Tuesday, November 17, 2009

PIES

Some writing of mine went live over the weekend: a very short piece of fiction called "Camera Obscura" at Word Riot, and a review at Rain Taxi of What We Were Doing and Where We Were Going by Damion Searls, published by Dalkey Archive Press. I enjoy both websites--they are nice and clean and have great content. Word Riot has a new feature that allows you to rank a story (1-10 stars) and also a counter that shows how many times a piece has been read.

Thursday, November 12, 2009

Jackie White is a Trichromatic Catholic

Tuesday, November 10, 2009

Conjunctions 53: Not Even Past, Hybrid Histories

Pretty excited about the latest issue of Conjunctions that appeared in my mailbox today. Beckett, Bernhard, Bolaño: a memoir concerning, a poem by, and an excerpt from a forthcoming novel, respectively. Work by Francine Prose, Tim Horvath, Matt Bell, Robert Coover, Can Xue, and William H. Gass! I've only read Barney Rosset's memoir so far, but it's engrossing. Contains some of their correspondence, and Beckett's letters are (no surprise) well written. A passage from one, dated June 25, 1953:

"With regard to my work in general I hope you realize what you are letting yourself in for. I do not mean the heart of the matter, which is unlikely to disturb anybody, but certain obscenities of form which may not have struck you in French as they will in English, and which frankly (it is better you should know this before we get going) I am not at all disposed to mitigate. I do not of course realize what is possible in America from this point of view and what is not. Certainly as far as I know such passages, faithfully translated, would not be tolerated in England."

*addendum: Here is a link to Matt Bell's story "His Last Great Gift," online feature at Conjunctions.

Monday, November 9, 2009

Core Sample: Nightwood by Djuna Barnes

"That priceless galaxy of misinformation called the mind, harnessed to that stupendous and threadbare glomerate compulsion called the soul, ambling down the most obliterated bridle path of Well and Ill, fortuitously planned--is the holy Habeas Corpus, the manner in which the body is brought before the judge..."
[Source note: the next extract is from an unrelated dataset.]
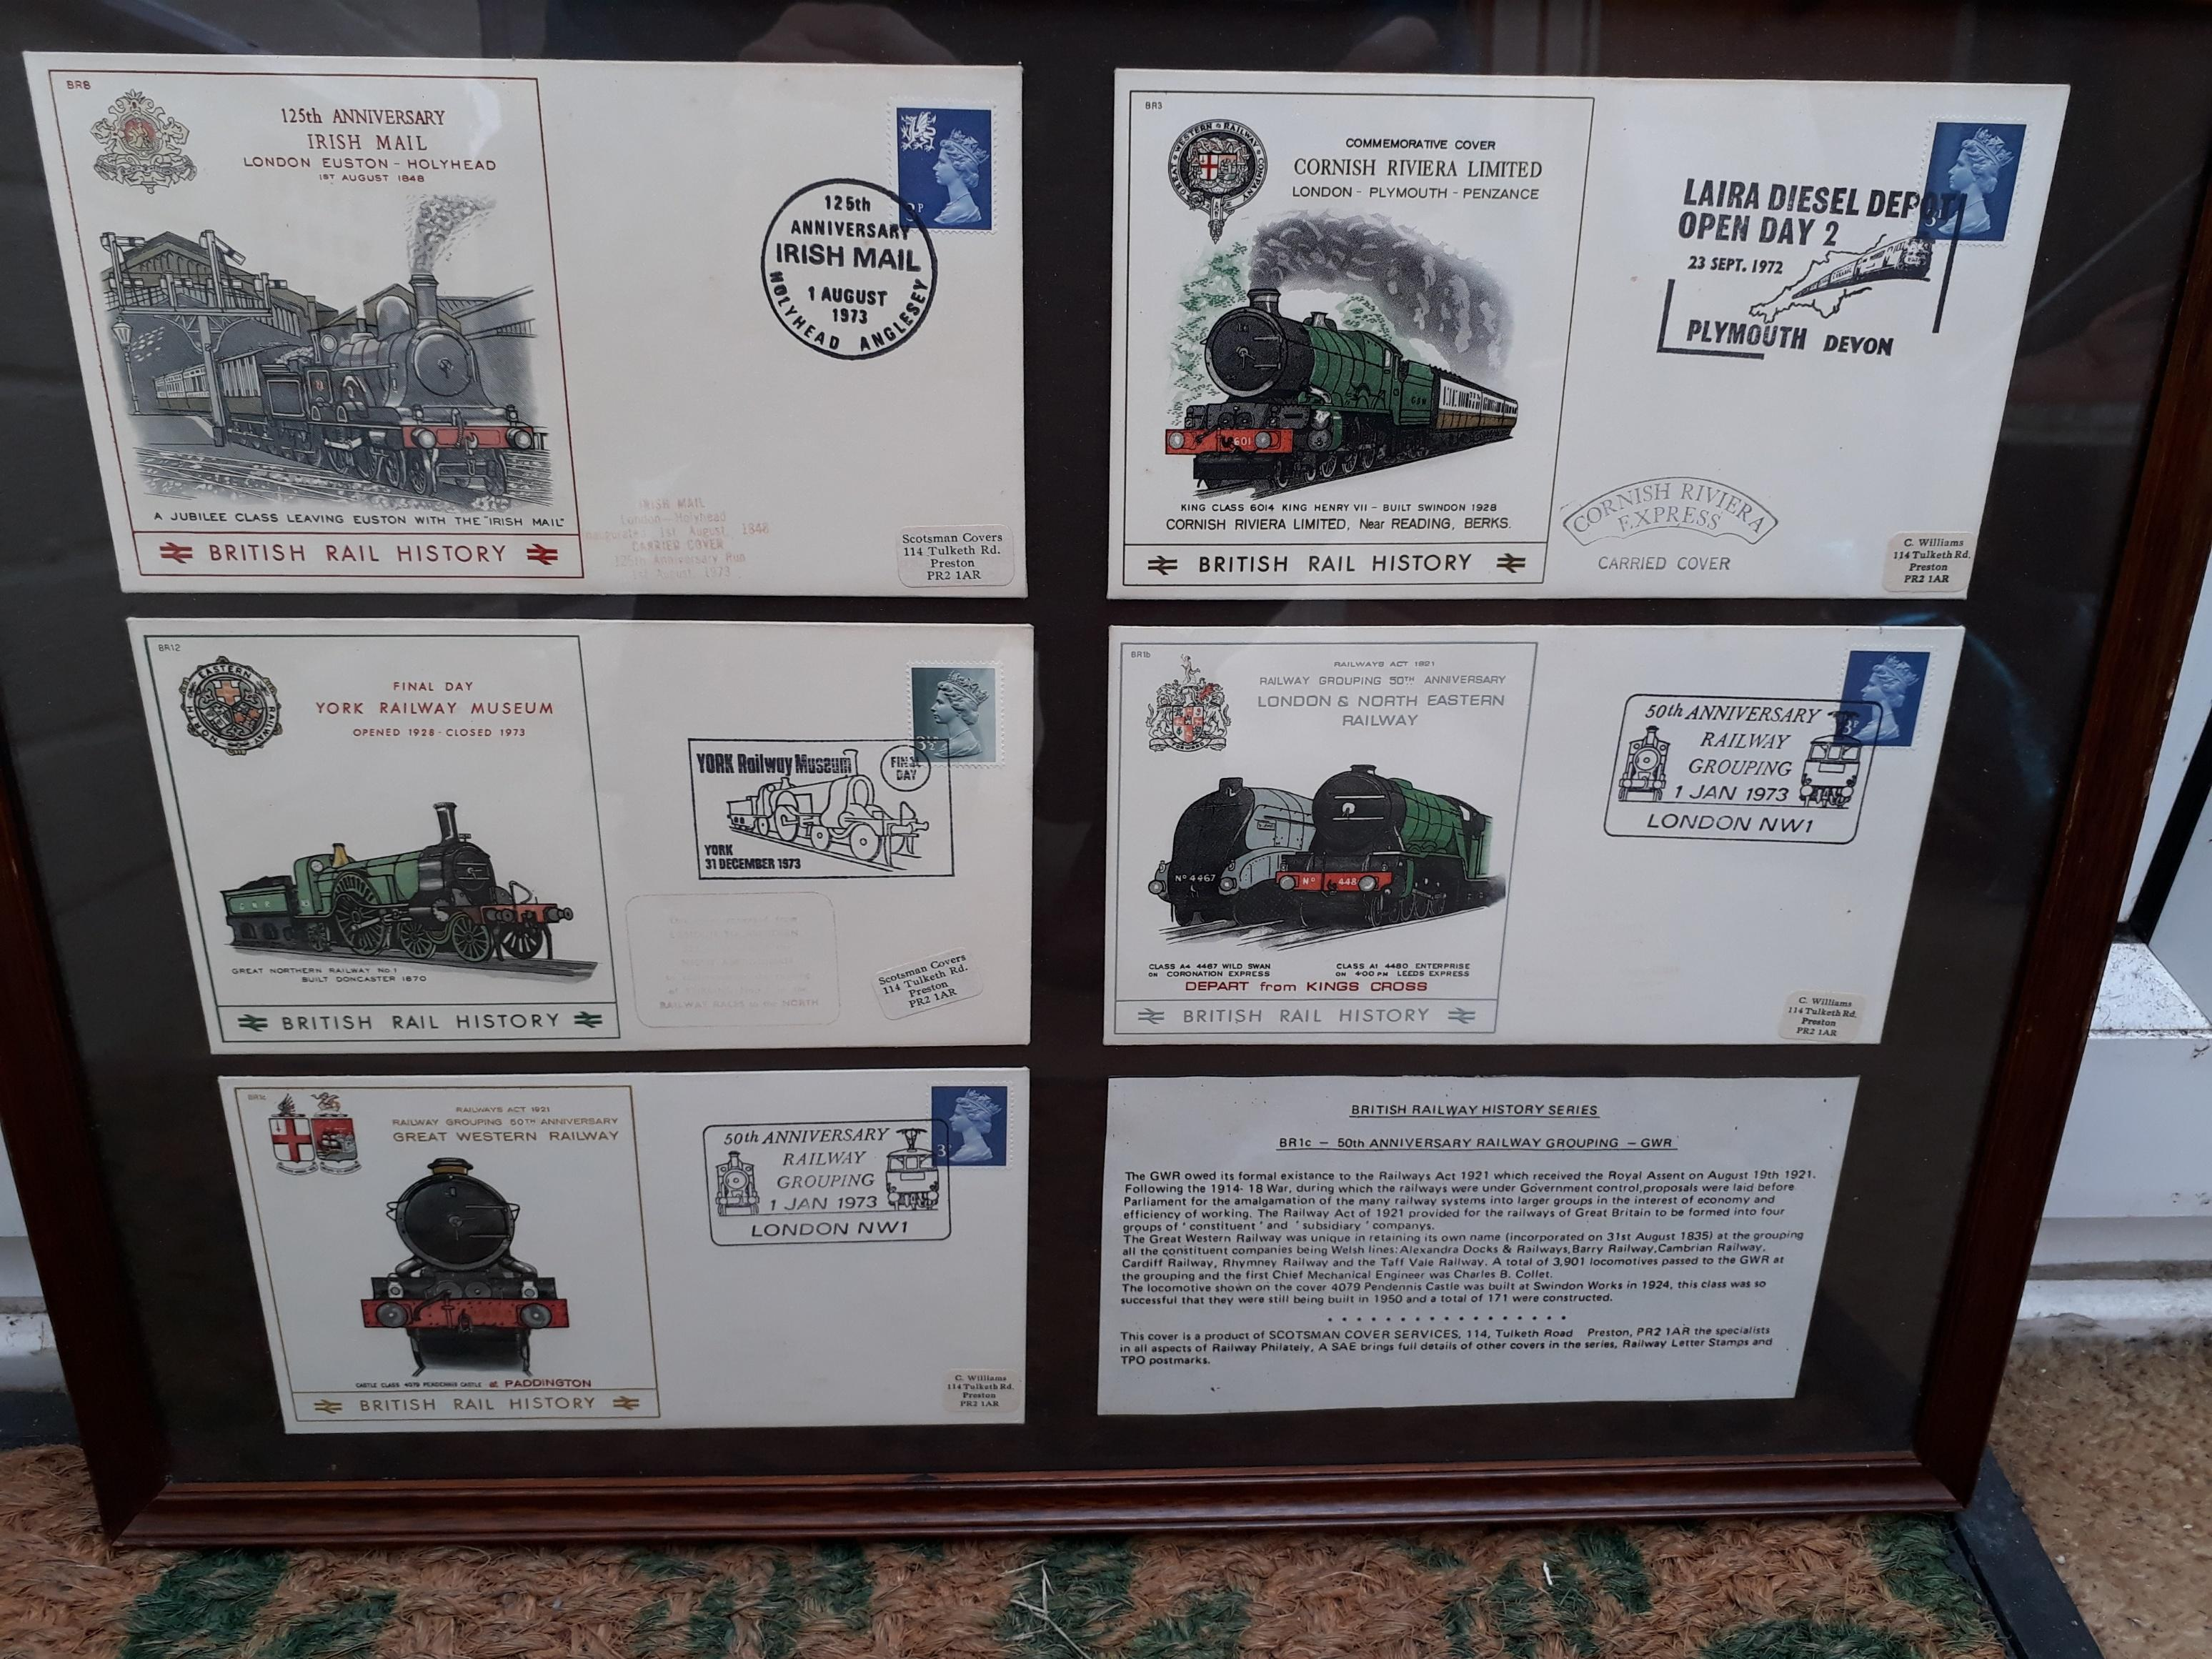 Railwayana - Royal Mail Covers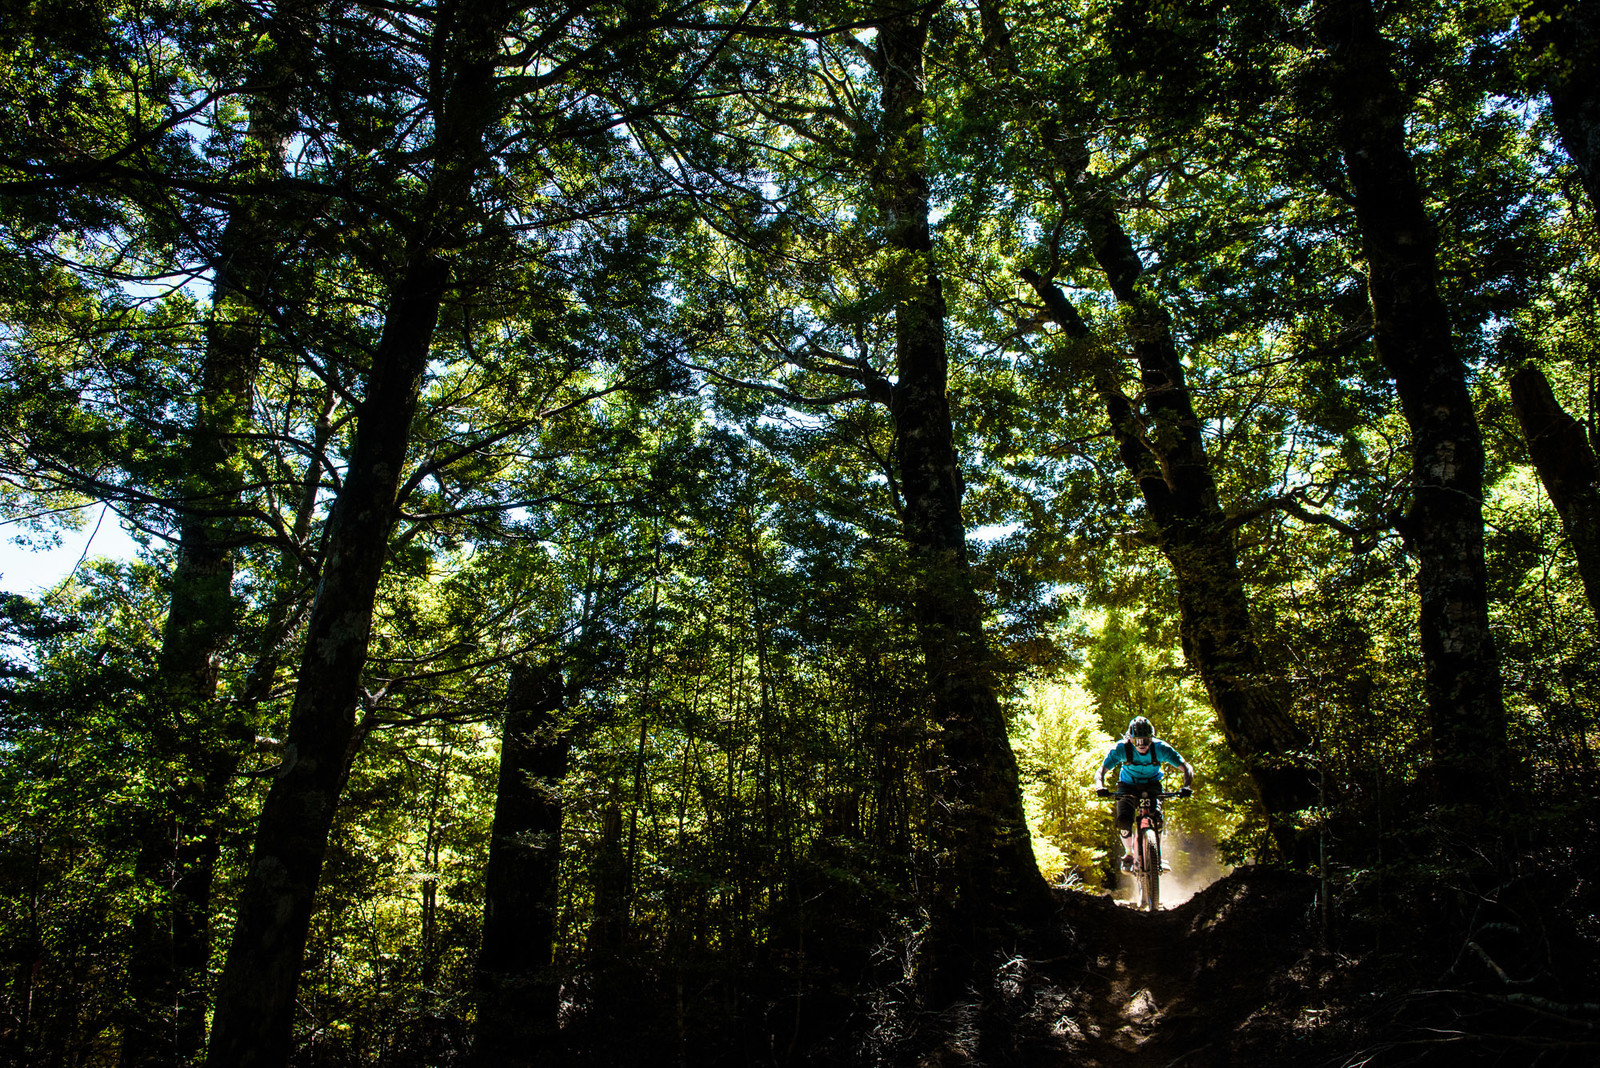 Flo De Vries, Hardtail - 2019 Dodzy Memorial Enduro - Mountain Biking Pictures - Vital MTB

Wednesday, November 4, 2009

Shoplifting from American Apparel: An Interview with Tao Lin

I interviewed Tao Lin at Vernacular Lit. Check it.

Tuesday, November 3, 2009

First Reading Ever

I read some fiction (and one poem--a translation) at Emerson College's Graduate Reading Series. There were about 40 people there. I enjoyed the other readers' material. The bio I submitted for the event was apparently so vulgar that the curator(s) refused to read it. I don't blame (t)him.